View Full Version : Robots.txt and Sitemaps



ShoreCon
05-07-2007, 10:24 AM
Hi Everyone!

It occurred to me recently that with a really detailed robots.txt file, couldn't this act just like a sitemap for the search engines?

Of course I realize it is still important to have a sitemap page in many respects, but wouldn't/couldn't a robots.txt file work in much the same way?

Here is the basic format of a robots file:

User-agent: *
Allow: /
Disallow: /cgi-bin/

What if you had a detailed list of "Allowed" files or directories in the list? By definition, wouldn't that simply do the trick . . .

Just a thought.

Cheers!

fctoma
05-07-2007, 03:32 PM
I don't think anything should, or does, replace a normal site map. One reason is for the visitors. A normal site map is broken into various categories (maybe by product, area of coverage) with the respective links below. Quite a few larger sites have their 404 pointing to their sitemap.

Plus, another reason is obviously for onsite links to all your pages.

Best of luck!

Frank in Idaho

SummitPK
05-07-2007, 04:04 PM
Probably.

I too am not at my PC. I'm off climbing in beautiful Ouray, Colorado, then soaking in the hot springs with a beer.

zepop
05-07-2007, 04:07 PM
While what you state seems logical it is not historicly correct read what wikipedia explains to us.

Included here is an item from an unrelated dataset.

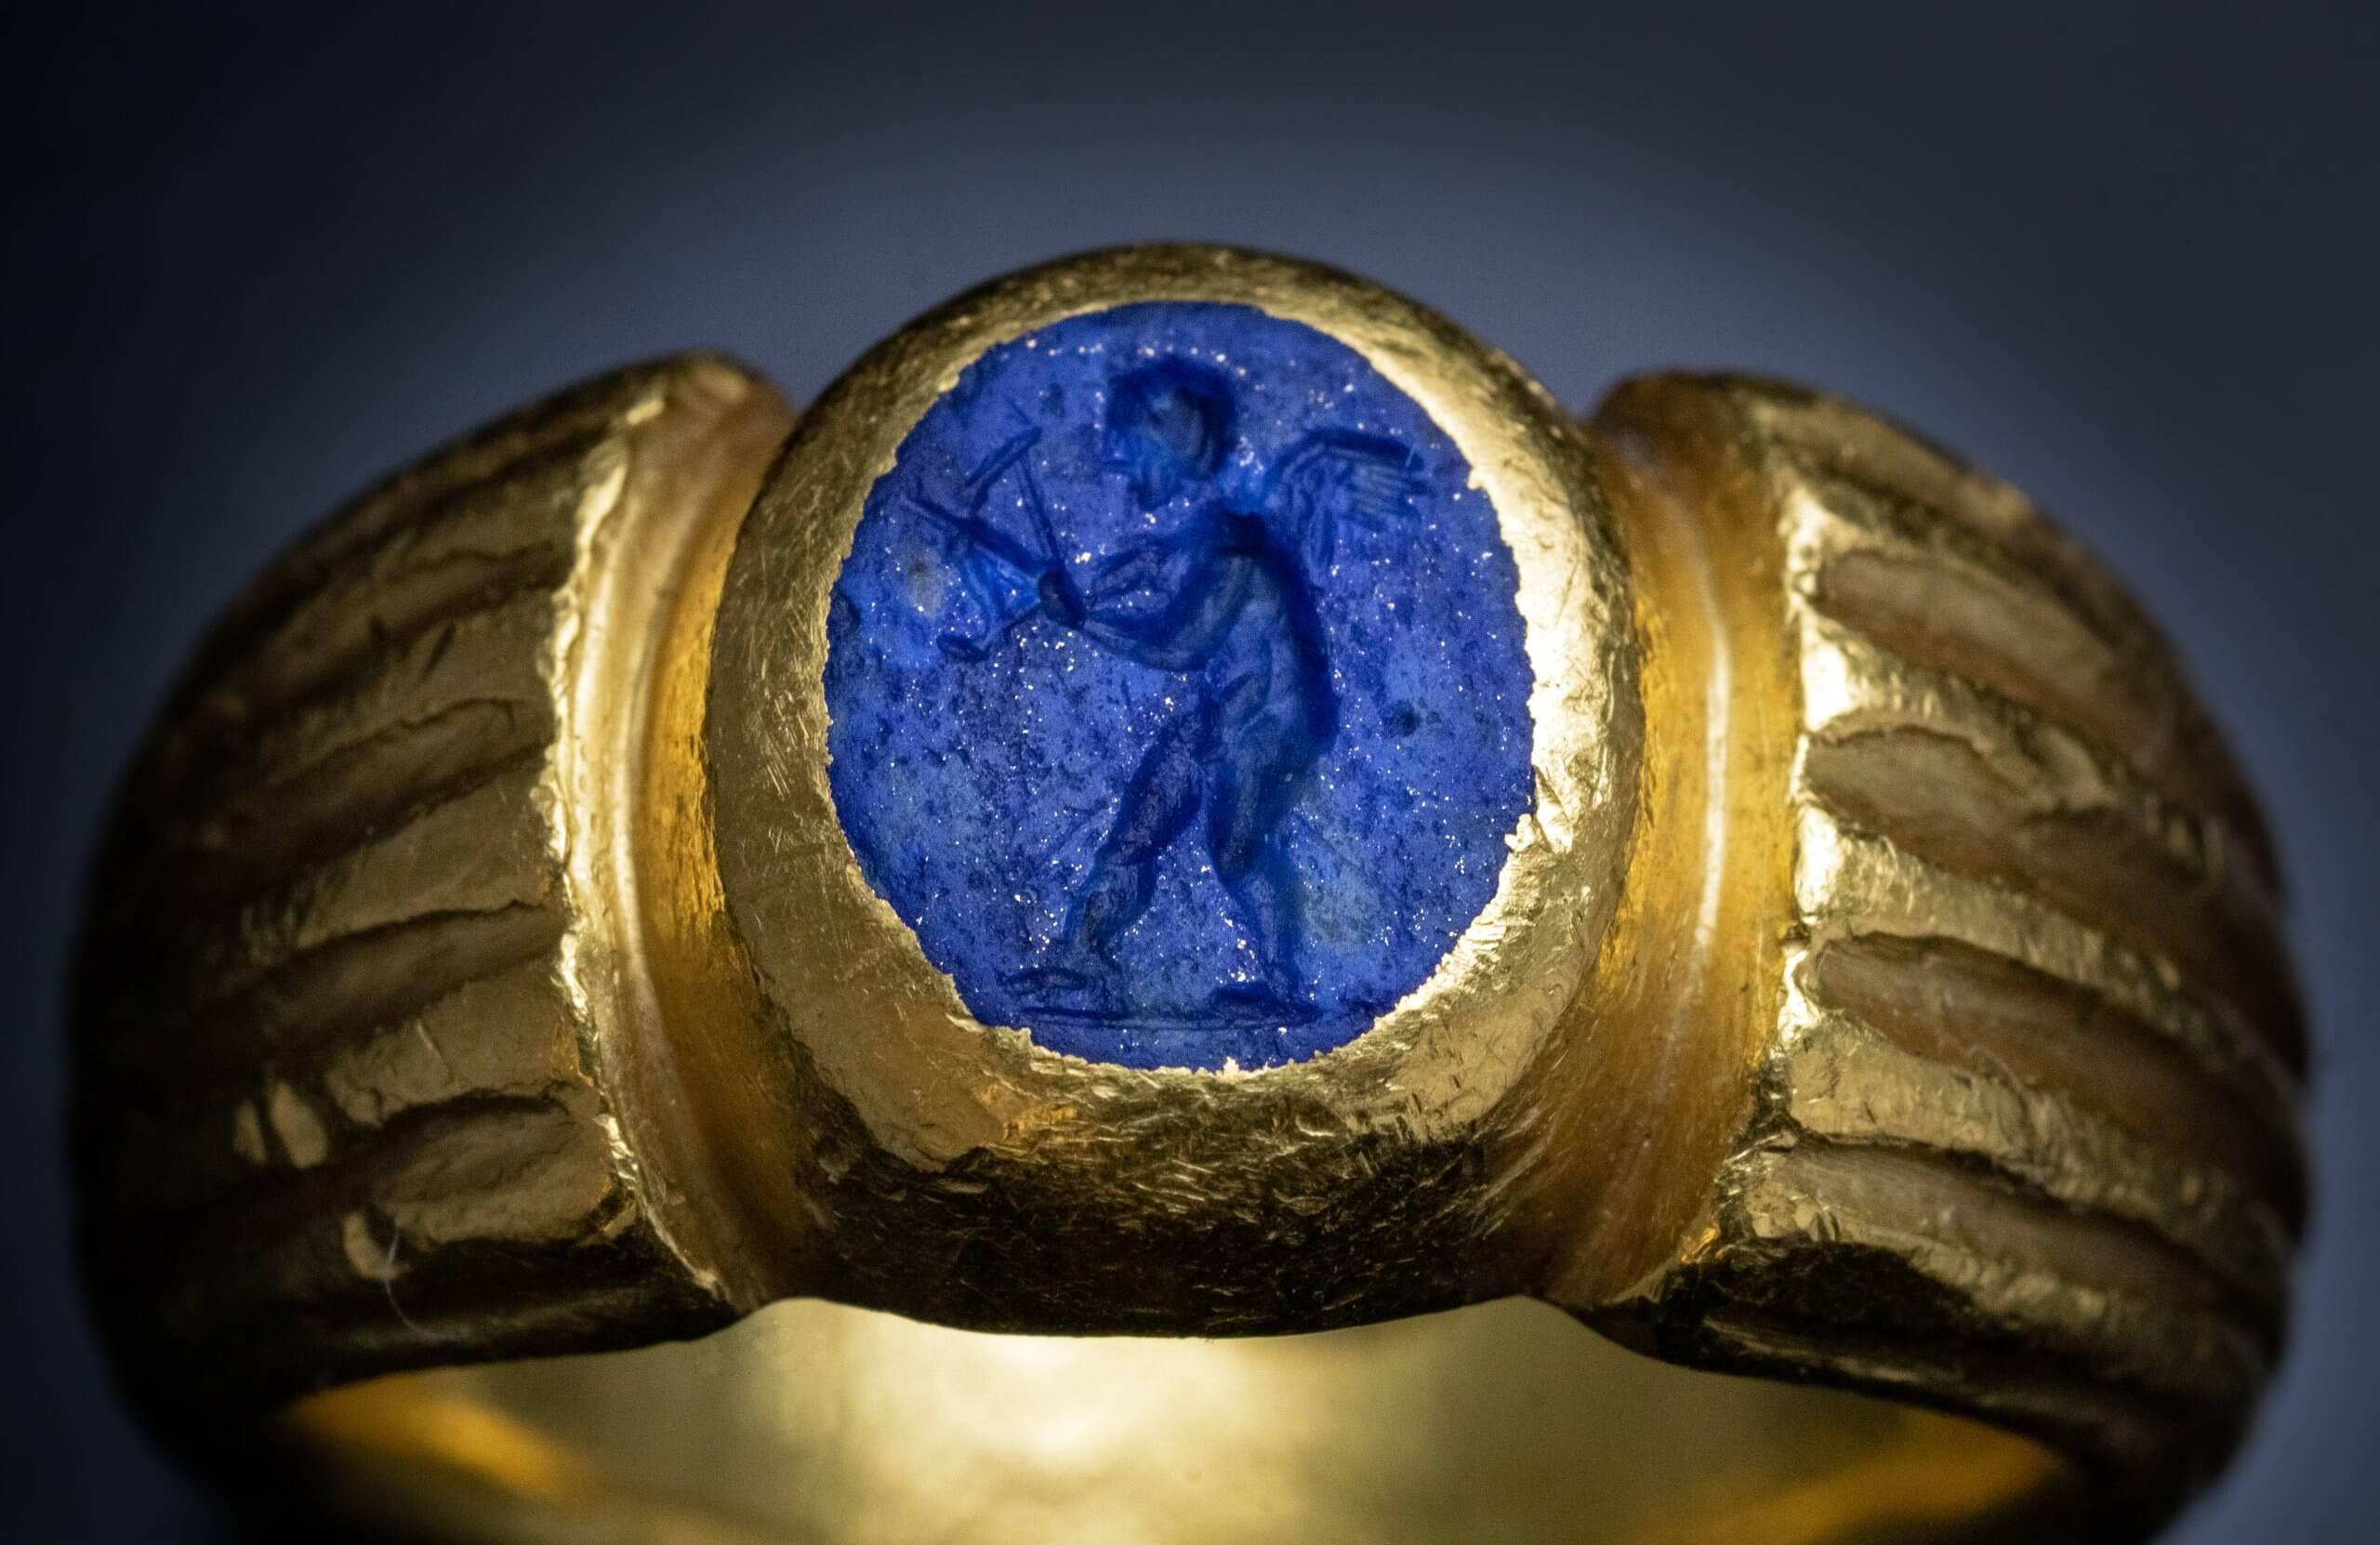 The Roman Empire, circa 2nd century A.D.  This heavy solid ring is cast in almost pure gold. The ring features a lapis lazuli intaglio finely engraved with a winged Eros (God of Love and Sexuality) armed with a bow.  The lapis intaglio is set in a

http://en.wikipedia.org/wiki/Robots.txt

From Wikipedia, the free encyclopedia
(Redirected from Robots.txt)
Jump to: navigation, search

The robots exclusion standard, also known as the Robots Exclusion Protocol or robots.txt protocol is a convention to prevent cooperating web spiders and other web robots from accessing all or part of a website which is, otherwise, publicly viewable. Robots are often used by search engines to categorize and archive web sites, or by webmasters to proofread source code. A robots.txt file on a website will function as a request that specified robots ignore specified files or directories in their search. This might be, for example, out of a preference for privacy from search engine results, or the belief that the content of the selected directories might be misleading or irrelevant to the categorization of the site as a whole, or out of a desire that an application only operate on certain data.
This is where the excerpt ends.